深い闇

昨日まではあんなに気分が良かったのに、何故だろう。もうこんな感情は起きないと思っていた。『生かされている』そう思っていたのに、何度も何度も乗り越えてきた筈なのに、また…なにもかもを消したくなってしまった。自分の存在を消してしまいたい。

あたしが消えてしまったら、娘達はどうする。洗濯物も畳めない、料理もできない。いや、やればできるだろう。ネコ達はどうなる。誰がミクちゃんにお薬をあげる。むっちりむぅちゃんは痩せてしまうだろう。染太郎はあたしを探して毎日鳴くだろう。臣ちゃんは遊ぶ相手がいなくなり、また孤独になるだろう。

大切な存在を残して消えるわけにはいかない。あたしにはまだやるべきことが残されている。役目を全うしなければならない。何故だろう。あたしが消えてもなんとかなるだろう…なんて残酷。

やはり眠りが浅い。トータルすると食事もまともに摂っていない。そもそもそれ自体が原因だとわかっているのに、改善されない。気力がないのだ。なんとか改善しようと、できることはしている。ただ、睡眠だけはどうにもならなくて、睡眠薬を飲まないと心底眠れない。

睡眠薬は以前ドクターに相談して減らしてもらった。それも2回程処方を変えてもらっている。それでもぐっすり眠り過ぎてしまい、起きられなくなってしまう。一時は眠れなくても構わない、と気力で耐えてきた。睡眠を摂らないと鬱になりやすい、とドクターに指示されている。また処方を変えてもらうか。これ以上減ることにも不安を覚える。とにかく寝付き寝起きが悪いのだ。

それよりもレキソタン(安定剤)を増やしてもらいたい。それは毎回訴えているのだが、一度増やしてもらってからは、これ以上増やすと1ヶ月の分量を超えてしまう為に出せない、と言われてしまった。前回は、これで様子をみよう、ということになったがこんなにしんどいならば2週間に1回の受診になっても構わないから、増やしてもらおうか。
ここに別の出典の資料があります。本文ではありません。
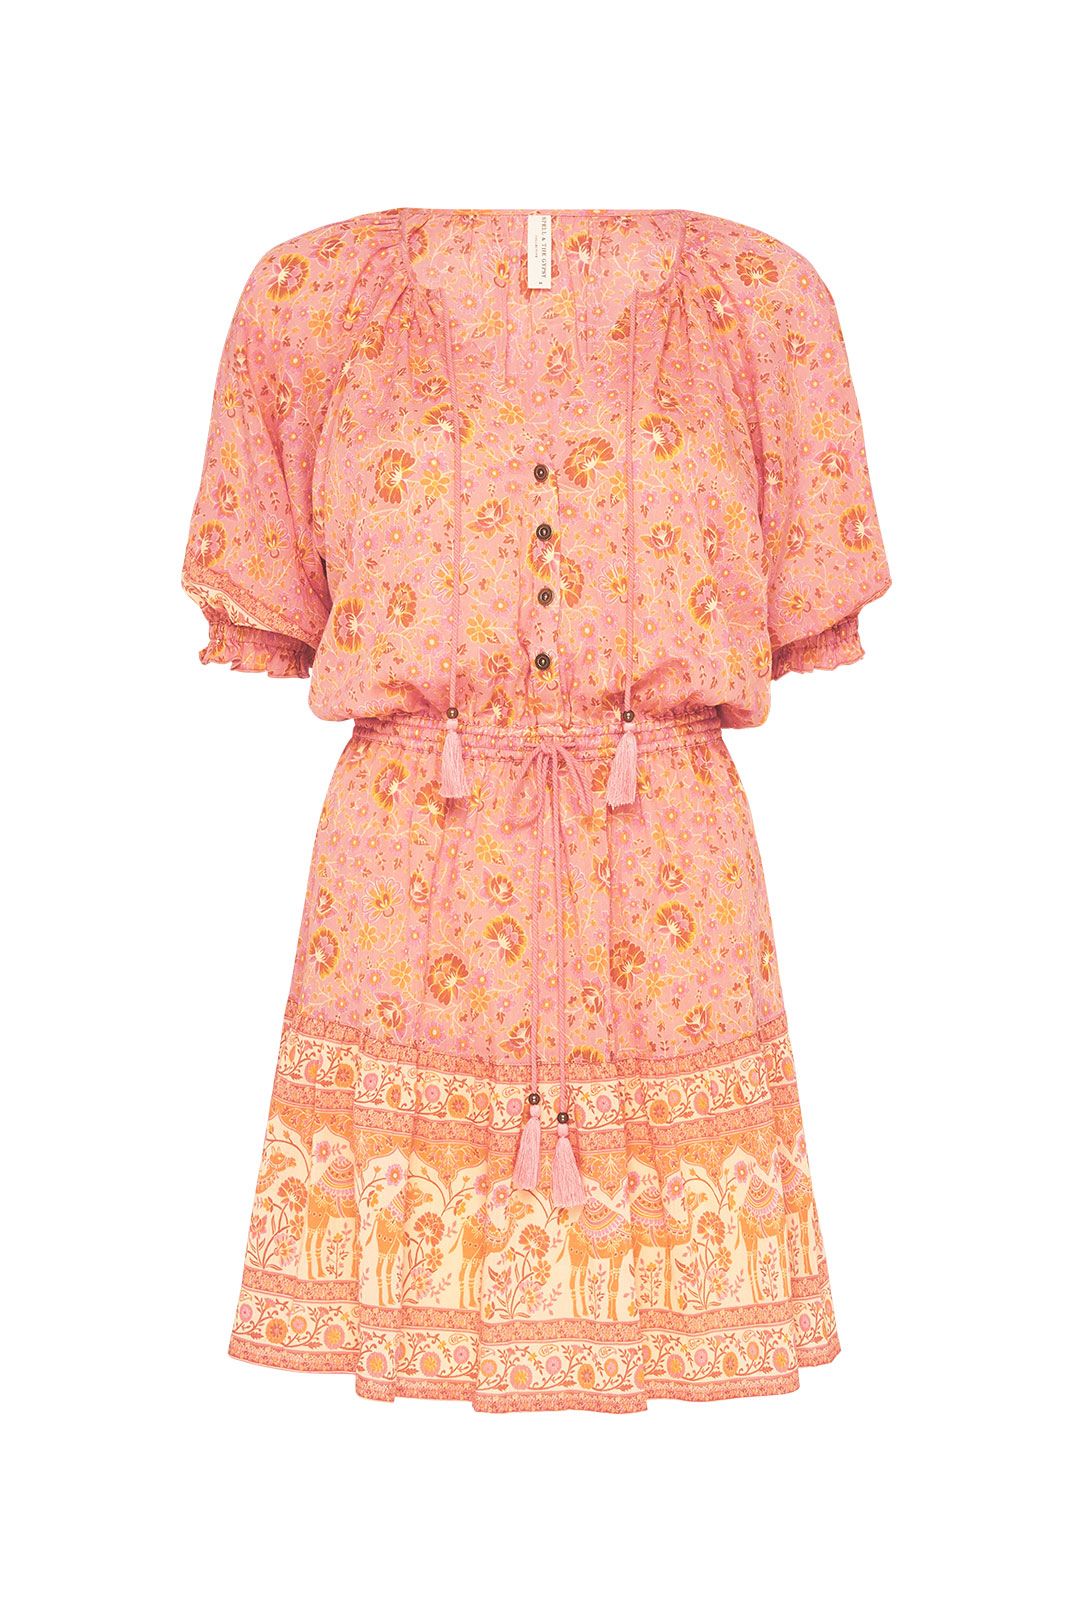 Spell Sundown Playdress Apricot Summer Dress

あたしは一番初めに心療内科を受診している。当時からレキソタンを服用しており、依存症になっている。切らすと禁断症状が出るのだ。その時間帯の幅は短くなる一方で改善されていない。ドクターはレキソタンを抜きたいのだろう。だがあたしはレキソタンがなくなることが恐い。

当時の心療内科ではなに一つ改善はされなかった。あたしは幻聴も幻覚も悪夢も…全て未だ残っている。その後受診した精神科では、とにかくたくさんの薬を処方された。そこで初めて自分は幻聴があり、幻覚を観ていることを知った。少し離れたところに越しても2時間かけて通った。
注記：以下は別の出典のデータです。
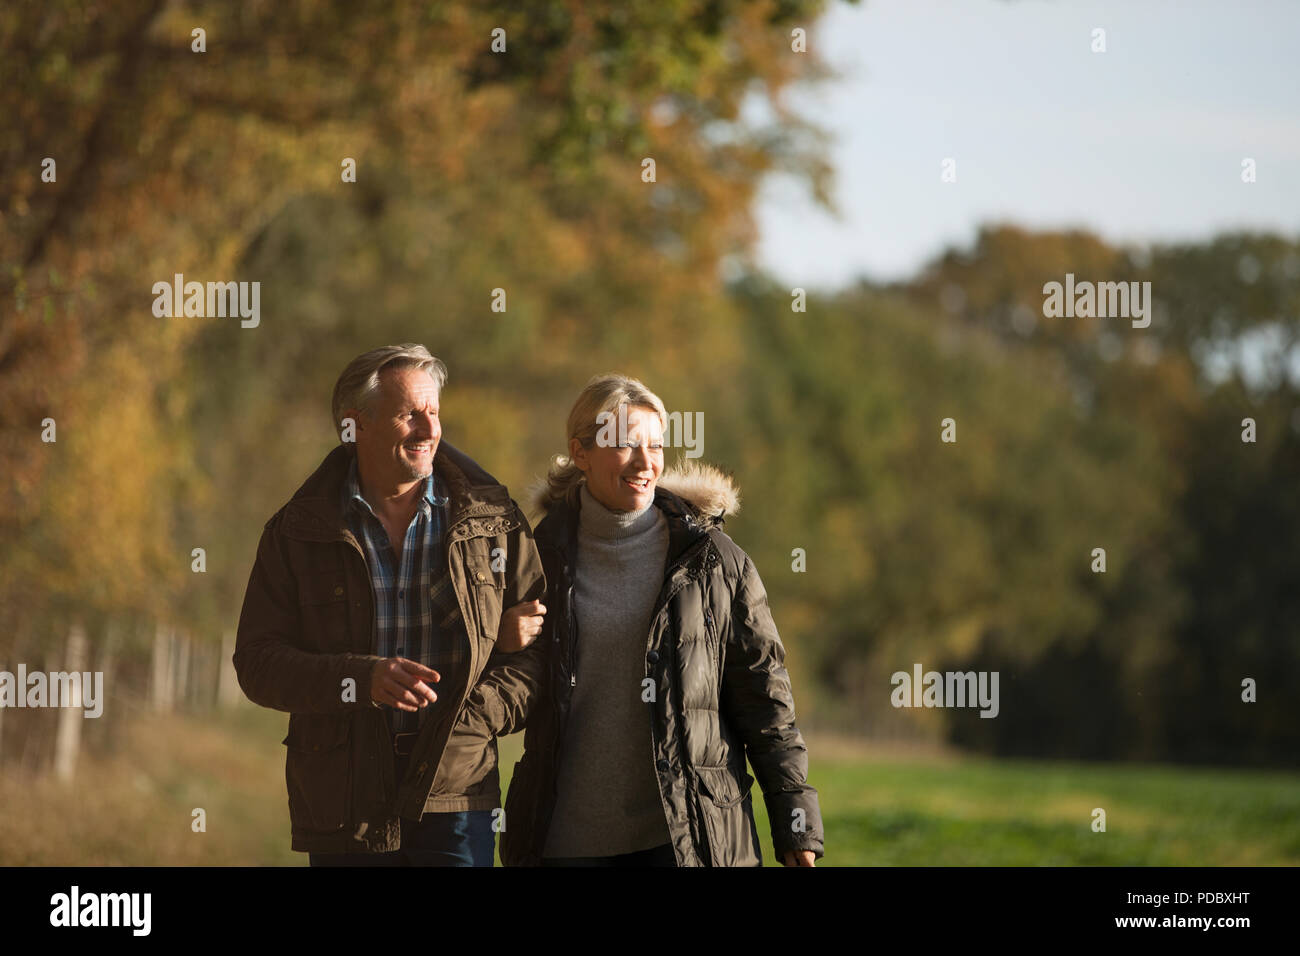 Mature couple walking arm in arm à sunny autumn park Banque D'Images

その2時間は辛い時間となり、電車に乗れなくなってしまった。病院を変えようと色々調べ、転院しようと思っていた矢先にあたしは大量のODで意識不明になり、救急車で運ばれた。数日間意識は戻らなかった。搬送先の総合病院の精神科のドクターが受診してくれた。本当に死ぬところだった、と説明を受けた。ドクターは厳しく優しく、近所の精神科を紹介しようと思ったが、それは無責任だと感じ、自分が面倒を診ると仰ってくれた。

今もその時のドクターにお世話になっている。あたしは自分のことは自分から話さないので、たまに過去の話しをすると、珍しいね、と優しく仰る。ドクターはあまり薬を出さない方で、その点でも信頼している。ドクターは個人の携帯番号を教えてくれた。当時、とにかく常に自殺願望があったので、ドクターにはショートメールをよく送ったものだ。夜中に電話したこともある。それでも怒られたことはない。明日受診してください、と仰る。

あと3日、3日待てば受診日だ。それまではなんとか自分を保とう。もうODも自傷行為もしたくない。娘を哀しませたくない。傷つけたくない。常に一人で乗り越えてきたじゃないか。自分は強い筈だ。死んではいけない。わかっている。

何故、急に堕ちた。わかっている。過去に振り回されてはいけない。なのに深い傷は癒されていなかった。誰にも理解されなくていい。薬で楽になるなら、あたしは薬を飲む。誰も助けてはくれないのだから。期待しても無駄なだけだ。どれだけ経験したことか。嫌という程に刻み込まれているじゃないか。自分にしかどうにもできないのだから。甘えるな。

どうしてこんなにも深く闇に染まったのだろう。